# modern or classic police station?



## sproutrabbit (Aug 1, 2013)

i just can't decide D:
i like the modern police station because it looks so clean and nice.
but it kind of looks like a tiny trash can

and i like the classic police station because it's wooden
but it kind of looks trashy

so
im 
looking for opinions on which is better c:
what did you guys build?


----------



## latenightcctv (Aug 1, 2013)

Went with Modern for Copper, my town is probably safer in his hands.


----------



## jessicafae (Aug 1, 2013)

Classic, the bulldog reminds me of my families that passed away. And the modern looks homey, like small town cute.


----------



## Wish (Aug 1, 2013)

classic

because im sorry i dont want some big ass can in the middle of my town omg


----------



## darkfire25 (Aug 1, 2013)

I made a thread a while back because I too couldn't decide (seriously, took me like a week). Ended up going with classic.

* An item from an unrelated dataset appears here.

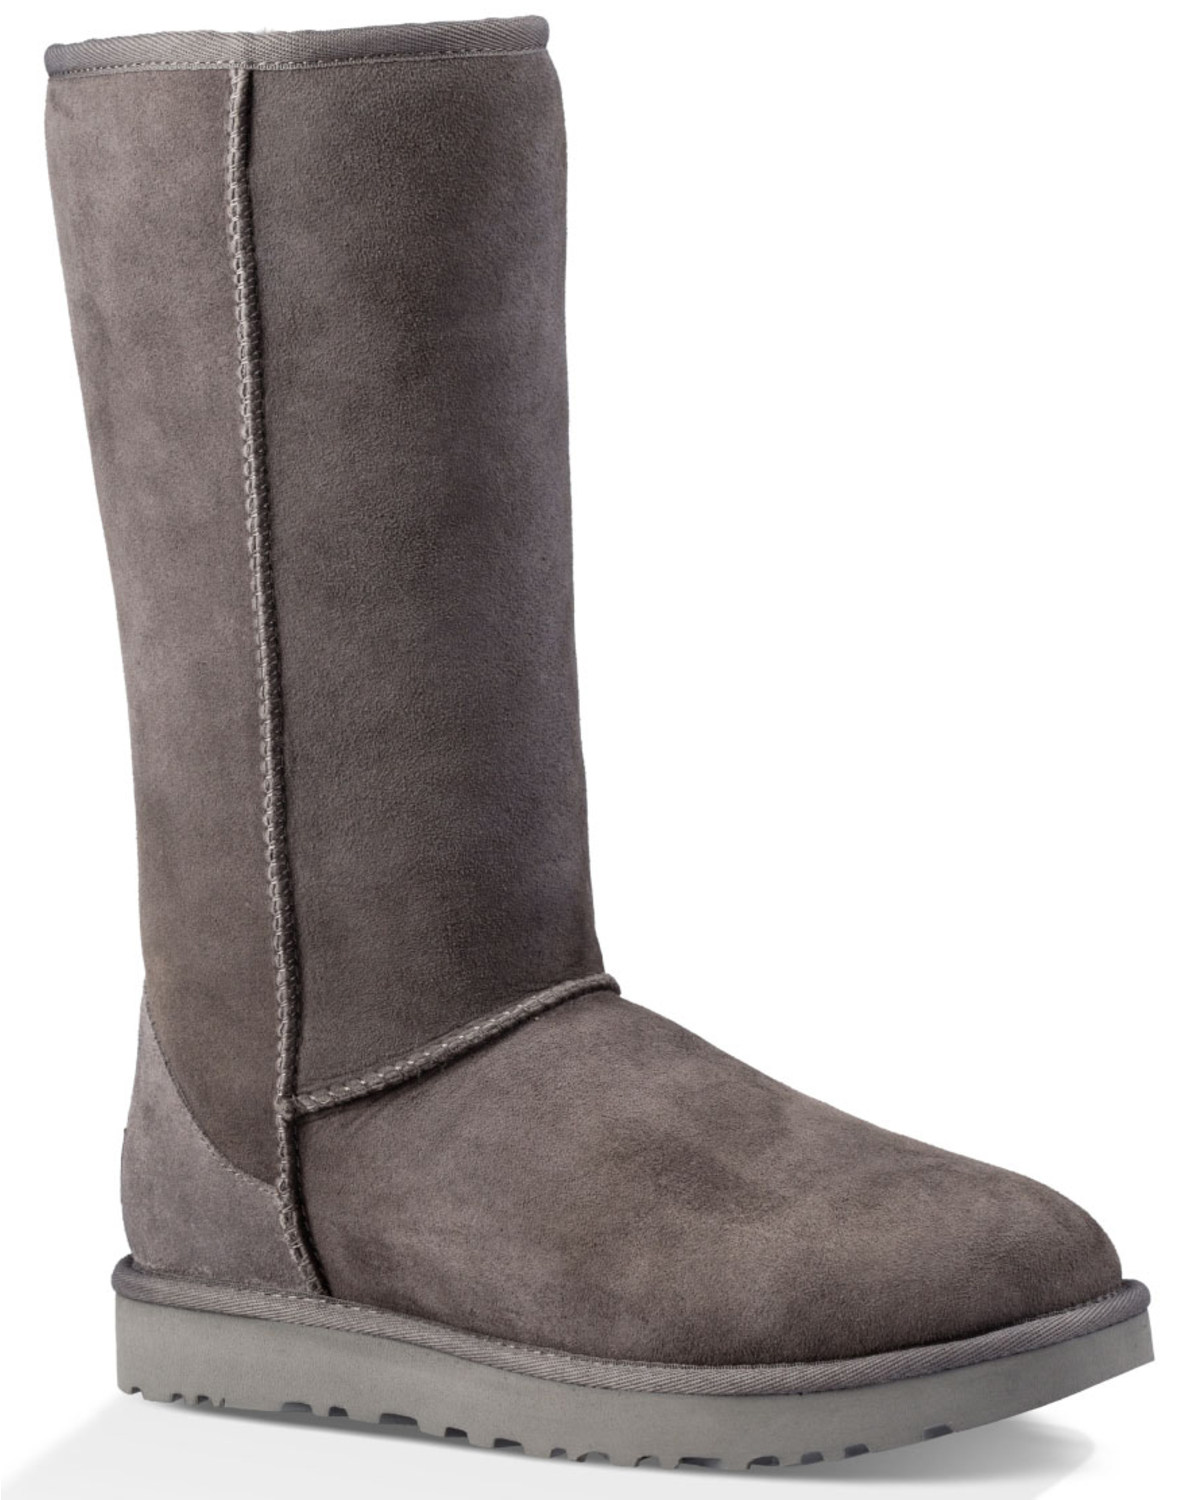 grey uggs boots
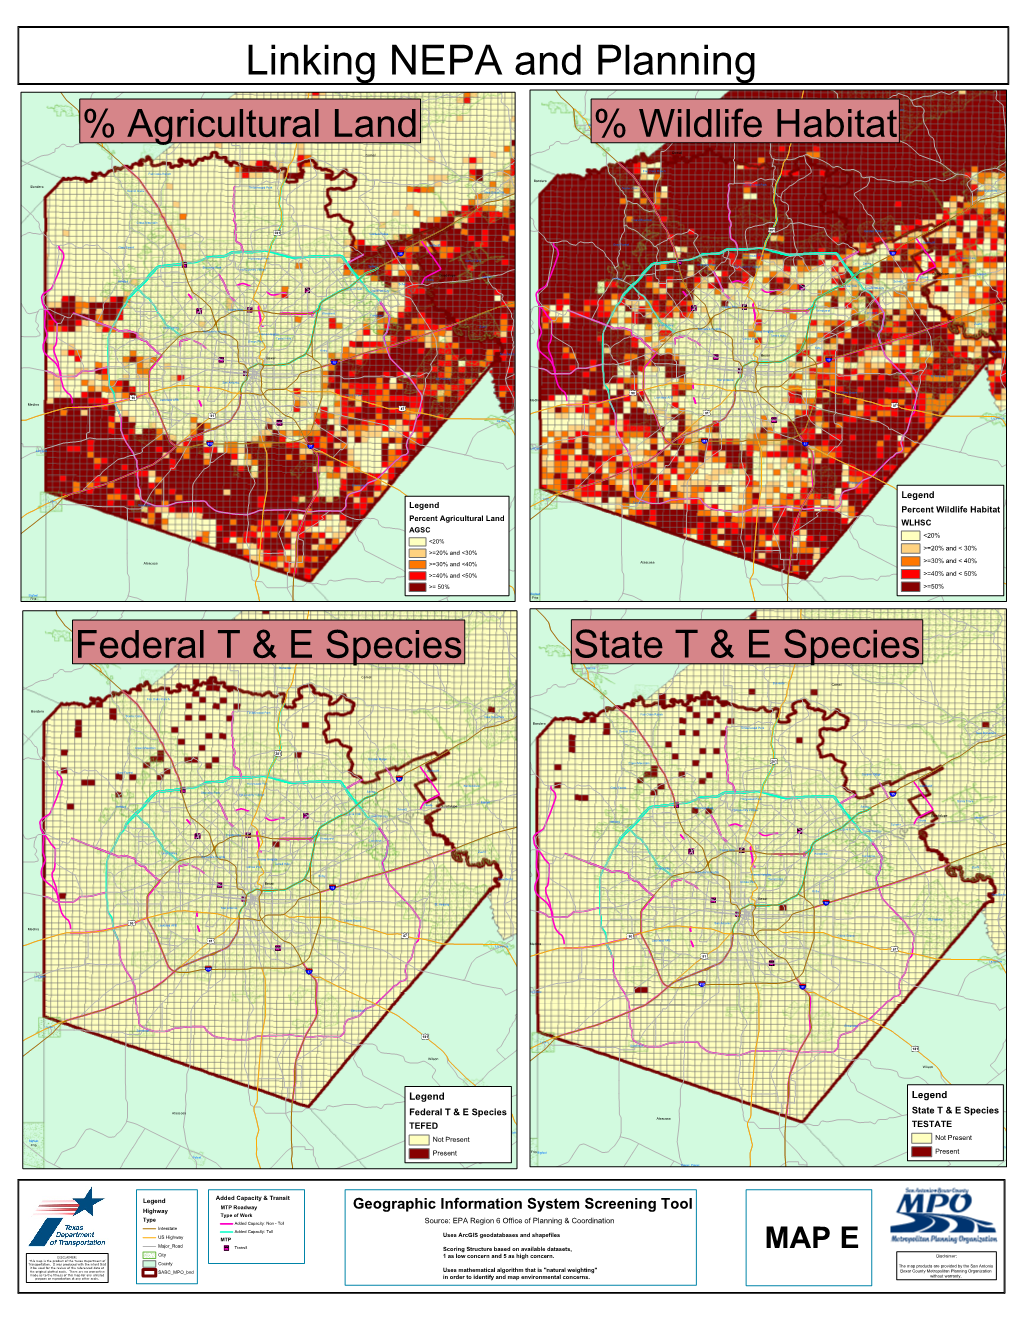 MAP E Geographic Information System Screening Tool

Here's the thread: http://www.belltreeforums.com/showthread.php?73569-Classic-police-station-or-modern-police-station

Classic won the poll by about 10%


----------



## Corduroy (Aug 1, 2013)

Since you seem to care mainly on the appearance of the police station, you could perhaps decide based on the theme of your town (if you have paths or something).

I personally like the classic one because of Booker's personality, and it fits better with the happy, forest-y feel of Animal Crossing.

Hope this helps :3


----------



## Isabella (Aug 1, 2013)

I went with modern, to be honest I didn't really think much of it but I want Booker now :'(


----------



## Ami (Aug 1, 2013)

I went for modern cos it suits my town theme more


----------



## JimmyJacobAC (Aug 1, 2013)

I had a modern train station, modern house, modern town hall so naturally I went with the modern police station. If you have a more classic or country-themed town, go for the classic.


----------



## Lin (Aug 1, 2013)

After building my well and seeing classic police station in dream towns... I think I'll pick classic myself. It seems like grass wear caused by pwp's being set down is harder to manage and hide on round objects (based on the water well anyway...). >.<


----------



## Jellyslug (Aug 1, 2013)

Classic. I did it for Booker


----------



## JellyBeans (Aug 2, 2013)

I went classic because of all my trees, flowers, paths etc. And Booker is so cute  <3


----------



## Violit (Aug 2, 2013)

I went modern but I wish I had gone for classic. I built it close to the main street though so I guess it fits the urbanisation of that area?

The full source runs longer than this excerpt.